Our team in the Practice and Professionalism Center of the American Immigration Lawyers Association is on a mission to prepare practices for the challenges immigration firms will face in the next decade. While the world is angling into the subject of immigration law from a political and humanitarian view, we angle into the life of the lawyer—their ethical obligations in a time of upheaval, the firm’s stability and financial security in spite of market and political pressures, and the immigration lawyer’s wellbeing. A major part of that is technology adoption and automation. In 2019, I helped plan the first AILA Immigration Technology Summit. In 2020, I will help plan the second, bigger Technology Summit, develop trainings and resources on automating and streamlining law firm processes, and start an exciting new top-secret project involving collaboration and innovation in the legal tech immigration space.
Is there a legal tech resource of any kind that really helped you when you were starting out in the field?
There’s a group of other practice management advisors (PMA) who were generous with their time and knowledge, who shared their experience and strength as I grew in this field. Someone would tell me, “You have to read the 2013 Solo and Small Firm Technology Guide written by Sharon Nelson,” and I’d do it. Someone else would say, “Follow Bob Ambrogi’s blog or LTRC,” and I’d do that. Another would tip me off that the TECHSHOW written materials were gold. If I asked, I received, and it’s been the making of me.
What technology do you think lawyers could look at in a different way that would benefit society?
I am convinced that we are over-valuing our participation in many processes, that we continue to reinvent the wheel with each client when we could create a logic-driven chat-style platform that would use peoples’ answers to questions to take them to the right conclusions and automate the creation of certain documents or deliverables most of the time.

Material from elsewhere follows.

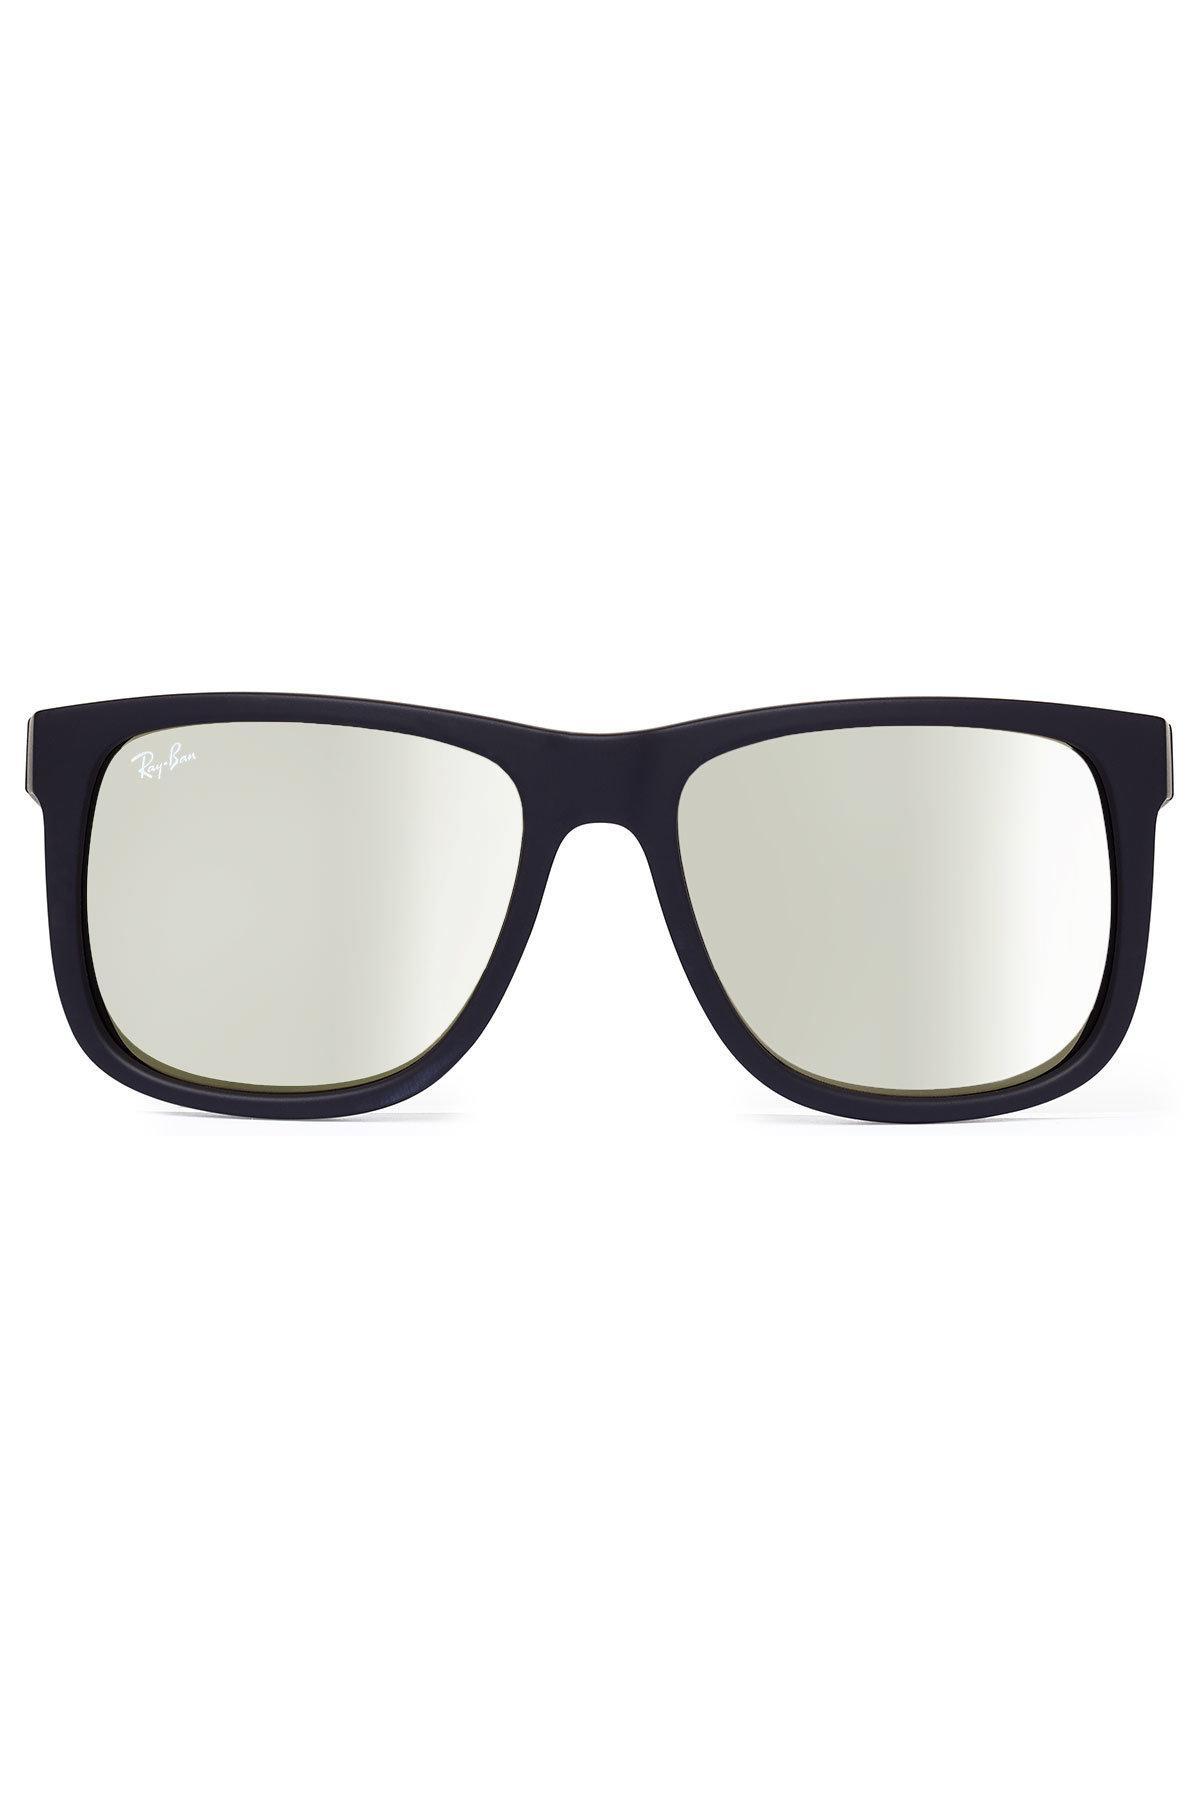 37760ede191 Ray Ban Rb4165 Justin Sunglasses Shiny Black

Then lawyers could focus on the deeper, more powerful aspects of practicing law: counseling clients and helping them prepare. There are some examples of this being done—Boundless and Docketwise are examples in the immigration space—but more would benefit society. I think programs that use technology like this will be built, with or without lawyers, in the next decade. It would be incumbent upon lawyers to get ahead of this wave, to be a part of it so that they could steer the technology to an ethical, sound solution earlier. But it’s going to take collaboration with technologists and an open mind about what we do and how we do it. Some are on that path, and some are holding firm that the old way is the only way. I have hope.

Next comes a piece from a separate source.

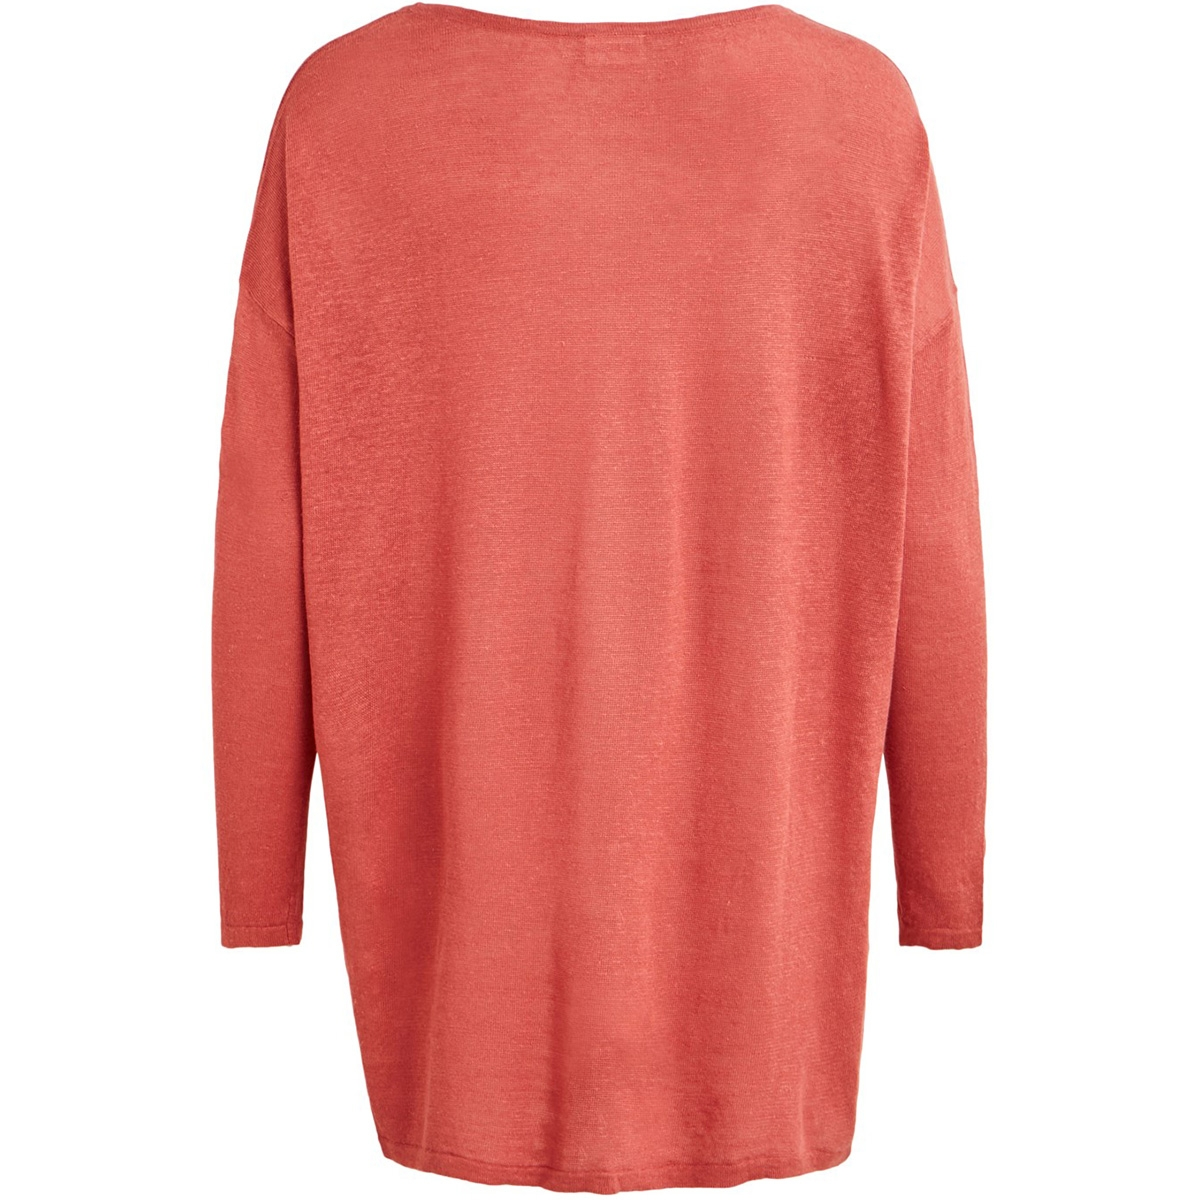 vifilak knit l/s oversize tunic - f 14055935 vila tuniek dusty cedar/melange

What advice would you give to other women who want to get involved in legal tech?
Adopt a healthy curiosity. Always ask if there is a better way. Whatever the program or project, get in there and monkey around. And don’t be intimidated by the guys or the tech. The guys need us to make better technology solutions and the technology is just another tool you can master.
Give a shout-out to another woman in legal tech who you admire or have learned something from!

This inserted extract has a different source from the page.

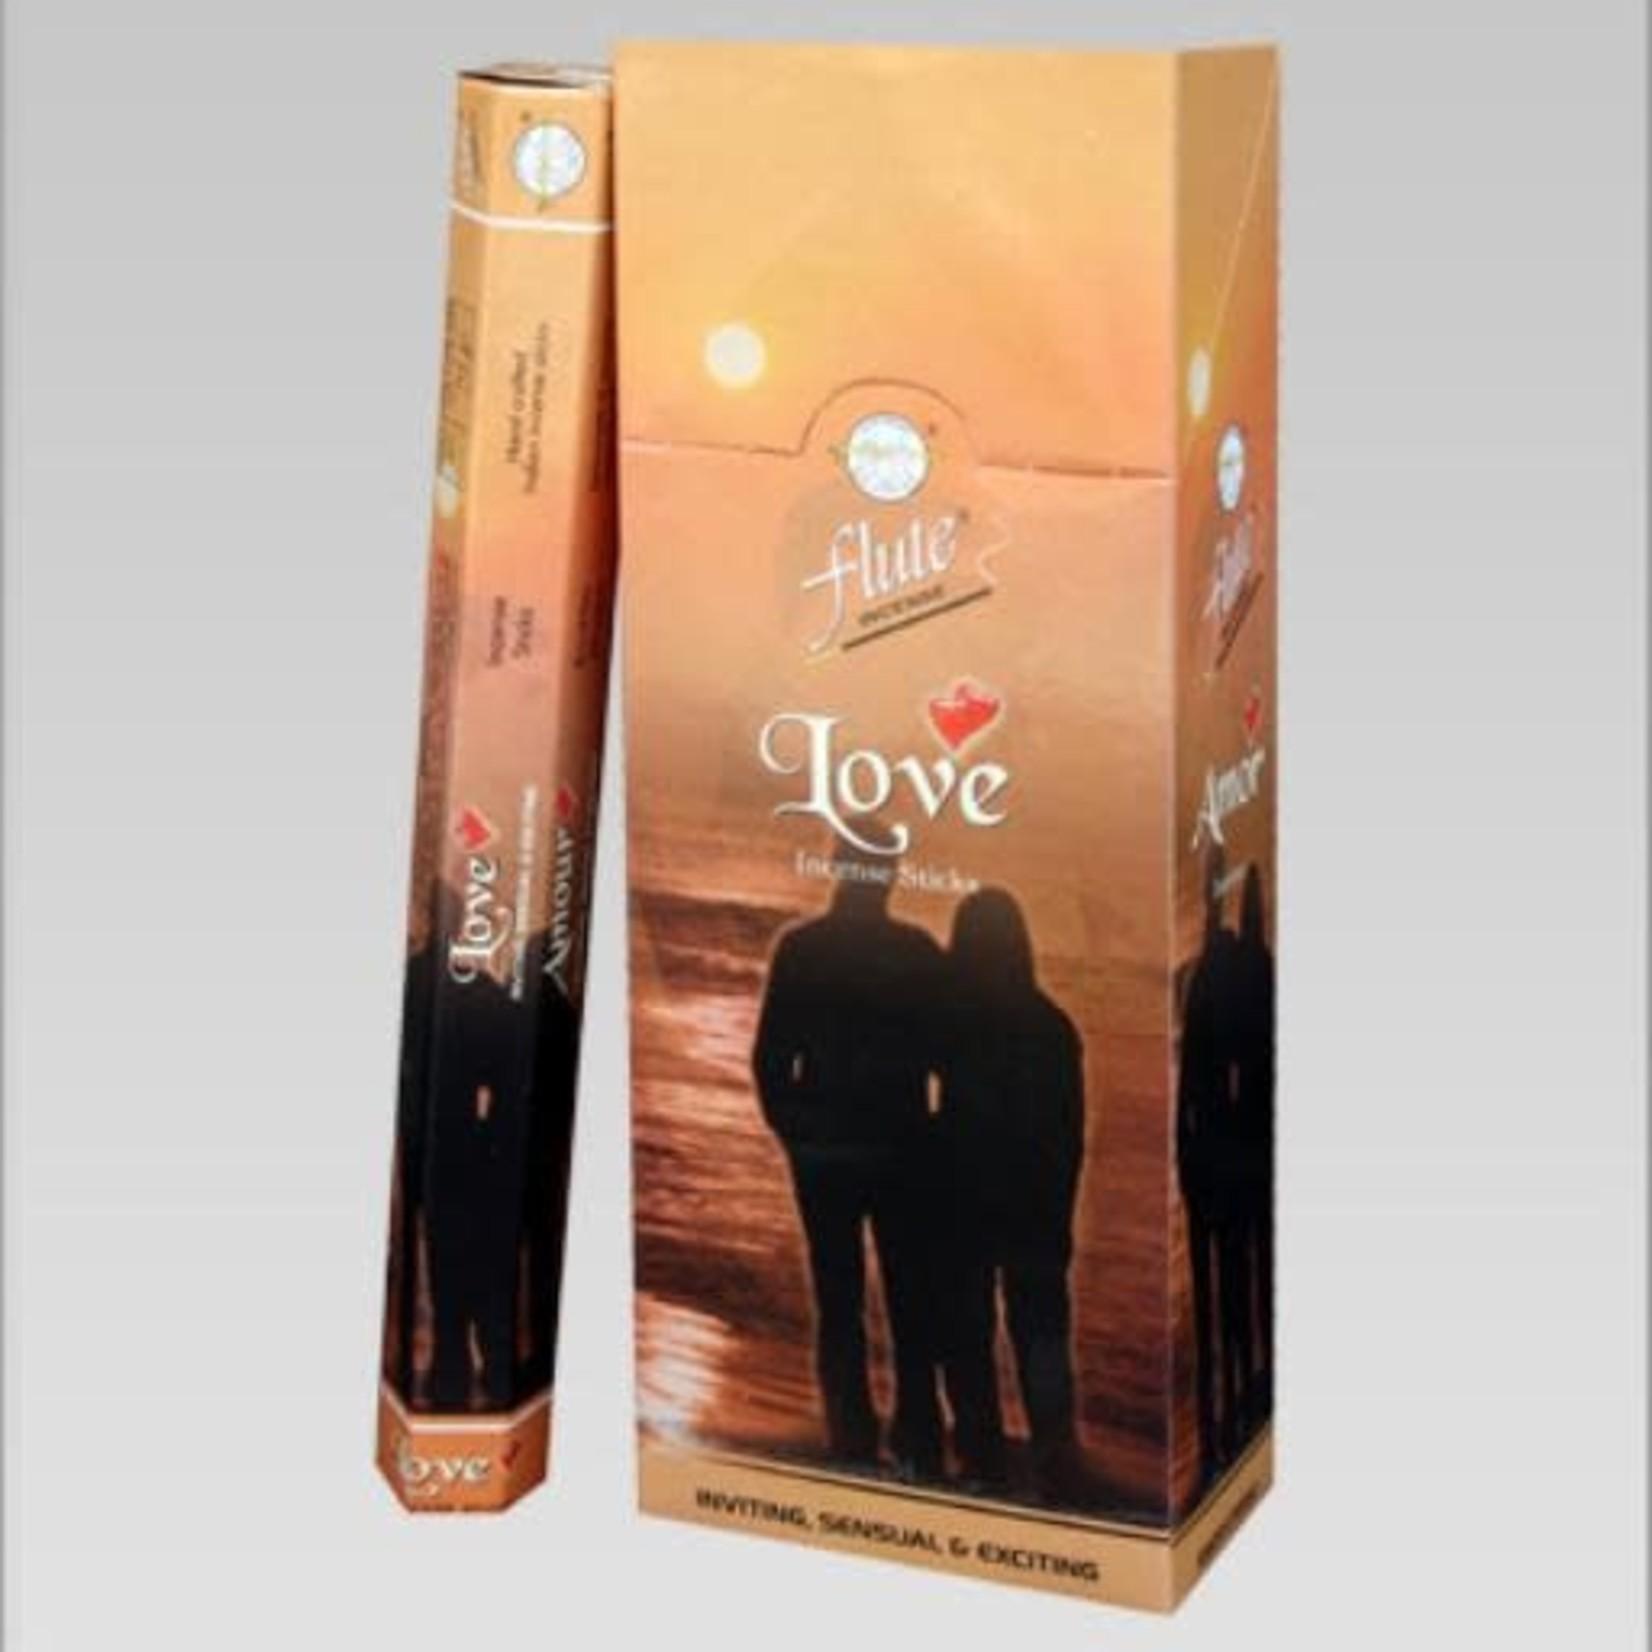 FLUTE Love Incense Stick - Flute

There are so many. Natalie Kelly, the PMA for Georgia State Bar, and Catherine Sanders Reach, PMA for North Carolina, taught me that lawyers can understand technology if you explain it right and how to just jump in wherever you see the need. Jess Birken, the owner of Birken Law, scares me with her innovative, self-challenging projects, which makes me believe “it” is possible. Sherri Davidoff, CEO of LMG Security, made data breaches, encryption, and passwords accessible. Heidi Alexander, PMA for Massachusetts, said if you want to write a book, write a book. (I haven’t yet, but I still want to and I believe I can because she says I can. Oh, and she did write a book!) I’m leaving out so many great women I admire.